The display of anthropomorphic objects such as headdresses in museum exhibition blurs the boundaries of objecthood and personhood. The Musée des Confluences’ (Lyon, France) 2019 exhibition, Le monde en tête: la donation des coiffes Antoine de Galbert, stages a slippage between subject and so-called “primitive” art objects. Le monde en tête showcased over 500 headdresses mainly from Asia, Africa, South America, and Oceania, donated from the private art collection of Antoine de Galbert (1955-). The exhibition’s curators elided the headdresses’ historical contexts and provenances, instead concentrating on their aesthetic qualities and the collector. Their curatorial strategies foreground de Galbert’s collecting psychology, which provocatively sets up a binary between Western “self” and cultural “other.” Through a close analysis of the exhibition, this thesis analyzes a fantasy of personhood as inextricably linked to objecthood. Relying on a multidisciplinary methodology, I focus on the emergence of two figures: the European collector as “self” and the Asiatic female as “Other.” I begin my two-part investigation by using critical whiteness studies and museology to expose how racialization becomes structured through the collector’s fabrication as a mythic figure. In Part II, I draw from the conceptual framework of ornamentalism to examine the exhibition layout, which emphasizes the porosity of things and people.
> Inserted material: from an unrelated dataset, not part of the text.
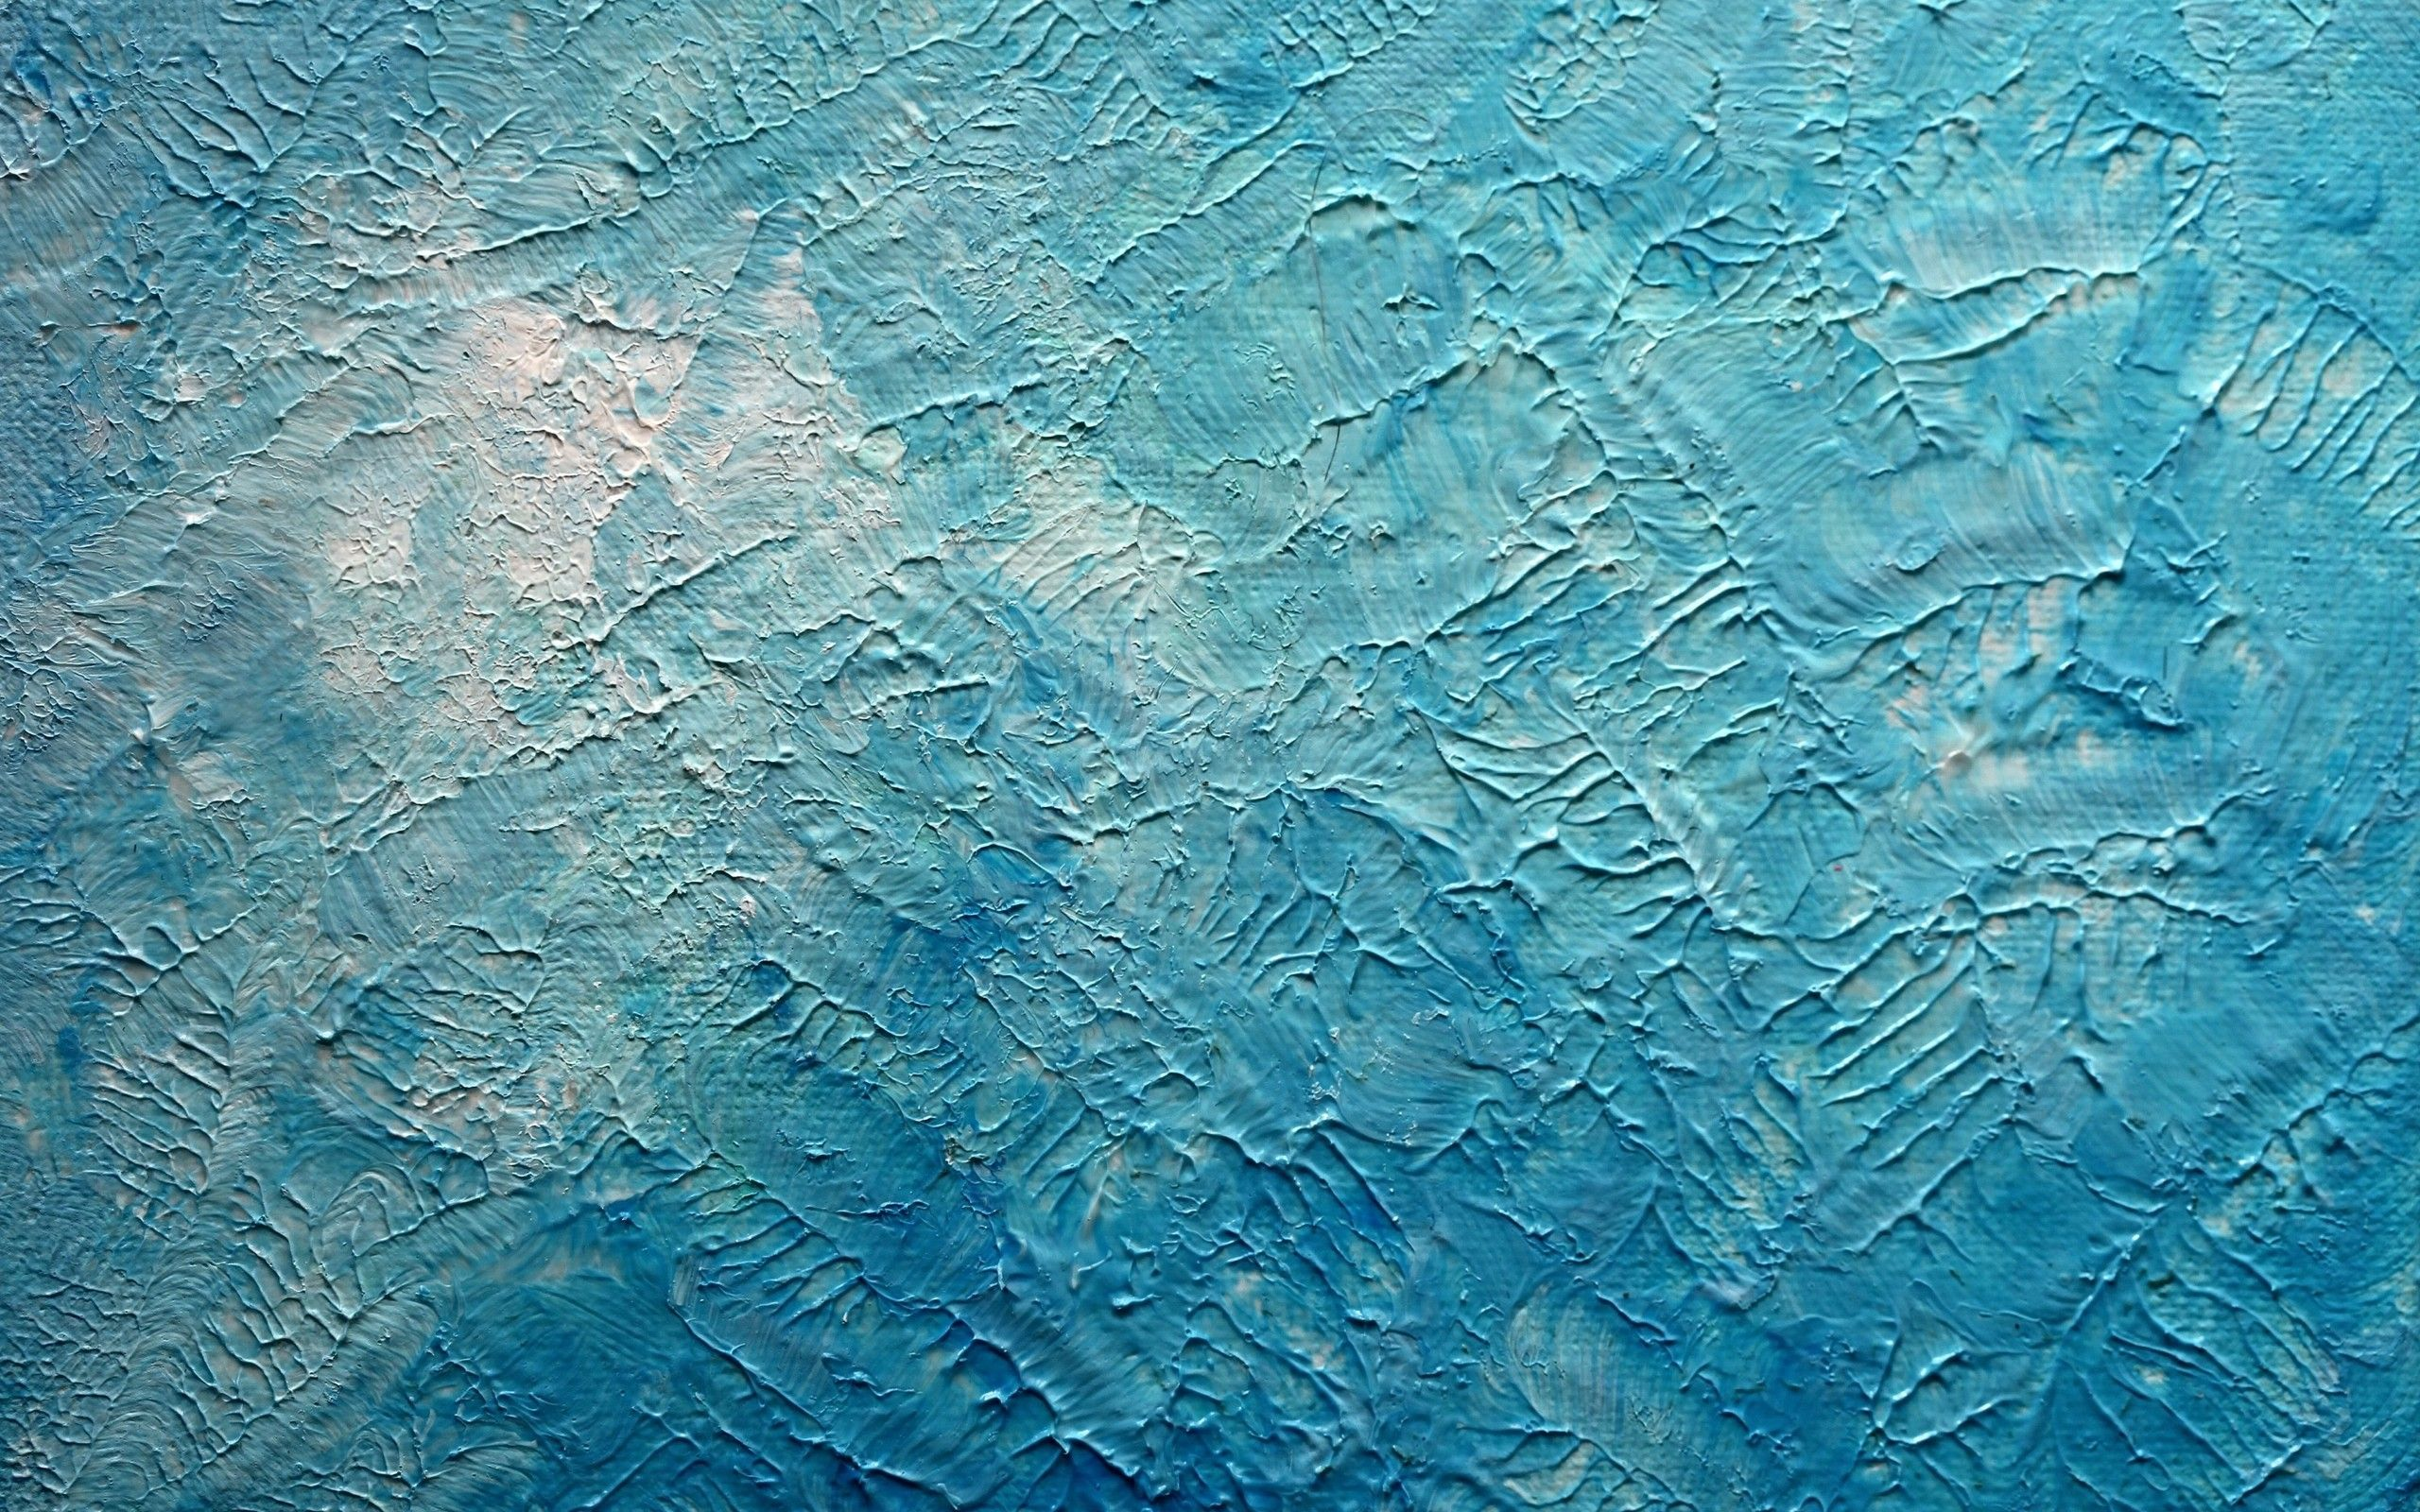 Blue Splash Texture Galaxy 2560 1600

Additionally, I use ornamentalism as an object-based approach to analyze a Timorese headdress created by the Tetum-speaking Indigenous community from East Timor Island, Indonesia, and the female figure who haunts its surface. At once present and absent, material and abstract, embodied and disembodied, these figures invite us to rethink the hybrid conditions of objecthood and personhood. My project weaves together art historical analysis, curatorial critiques, and theoretical perspectives that inquire into the very object conditions through which personhood is realized.

Divisions:Concordia University > Faculty of Fine Arts > Art History
Item Type:Thesis (Masters)
Authors:Smith, Sabrina
Institution:Concordia University
Degree Name:M.A.
Program:Art History
Date:28 March 2023
Thesis Supervisor(s):Potvin, John
ID Code:991940
Deposited By: Sabrina Smith
Deposited On:21 Jun 2023 14:27
Last Modified:21 Jun 2023 14:27
All items in Spectrum are protected by copyright, with all rights reserved. The use of items is governed by Spectrum's terms of access.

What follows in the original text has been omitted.